Dusk falls. Dearbhla and Adam have left, the crane has been packed away and returned to base. Diarmuid has regained control of the camera. There is a Ferris wheel giving rides over the Naval College. Christine and I look at each other and slope off for a 10-minute breather. At the top of the cycle the wheel stops, time seems to stop with it, and we look down at the Little Dorrit crew beneath, calmly shooting the last scene of the day.

And now this article is late. It was due yesterday and it is late because yesterday was spent instead in a dub review for episode five with Dearbhla, choosing music with Adam for episodes six and seven and watching the latest cut of episode 14 with Diarmuid before it goes to the execs.
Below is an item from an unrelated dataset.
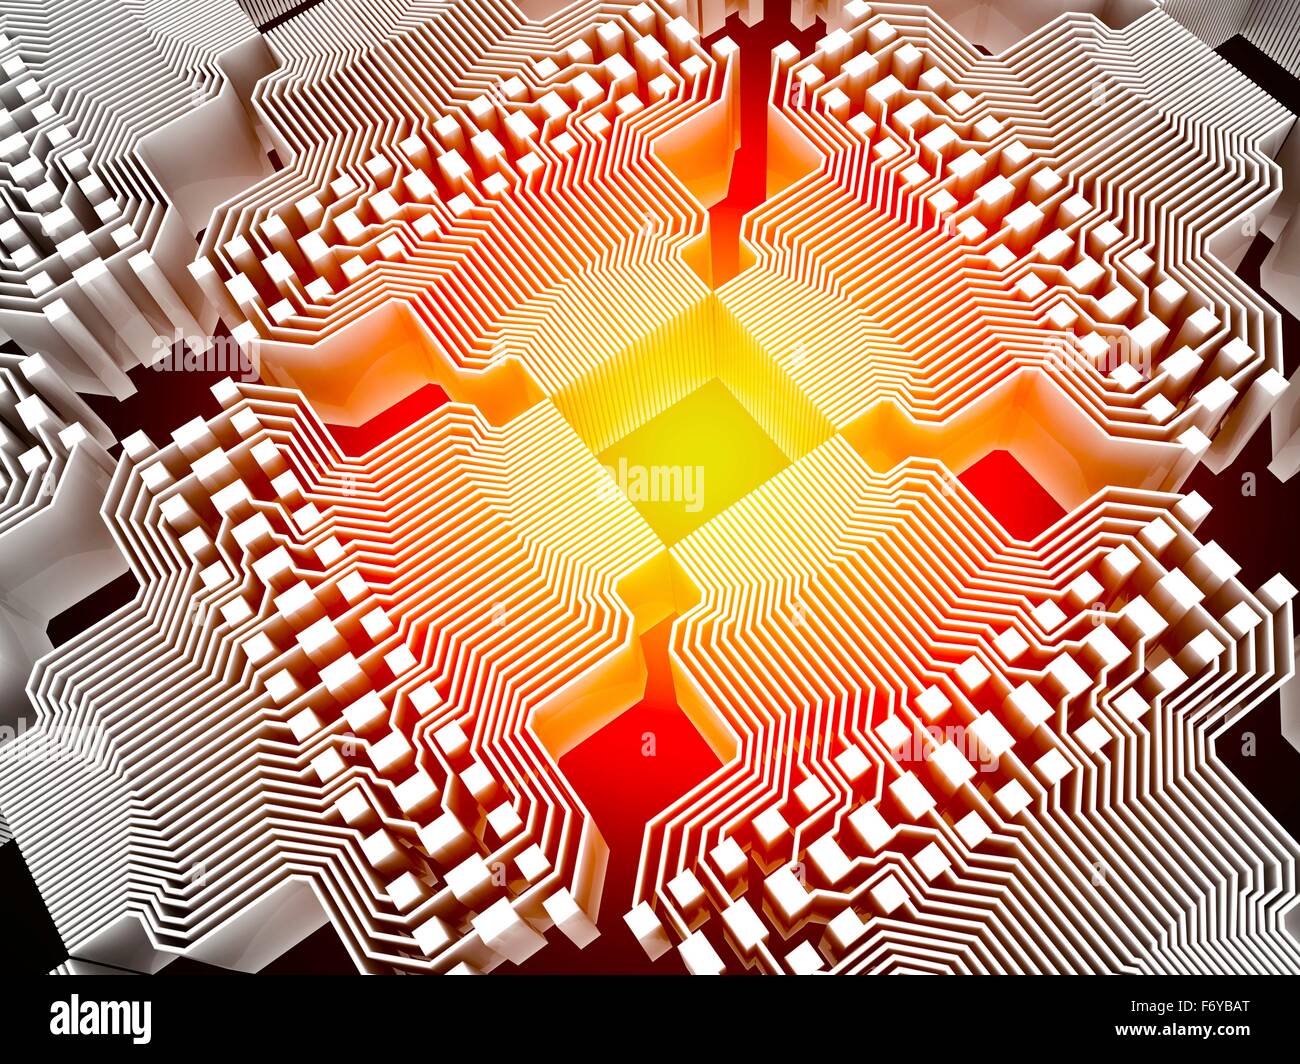 Computer quantistico. Calcolatore concettuale illustrazione della circuiteria elettronica con luce rossa che passa attraverso di esso, che rappresenta il modo in cui i dati possono essere controllati e memorizzati in un computer quantistico. Foto Stock

Just the latest step in the Little Dorrit waltz.
l Little Dorrit was made by BBC drama productions for BBC1. Episodes seven and eight air on Wednesday 19 November and Thursday 20 November at 8pm on BBC1. A Little Dorrit omnibus airs on Sundays at 6.15pm on BBC1.

Lisa Osborne: My tricks of the trade

On a typical English summer the boot of the car is piled high with clothing for all conditions: fleece, waterproof, wellingtons and hiking boots, though even sunglasses are occasionally required.

This summer I never went far without my marked-up copy of Little Dorrit. Although obviously we were making the scripts, not the book, it's surprising how often cast and crew wanted to go back to Dickens for some tiny detail of character or description of a place.

A tin of Illy coffee. Can't start the day without a decent hit of caffeine!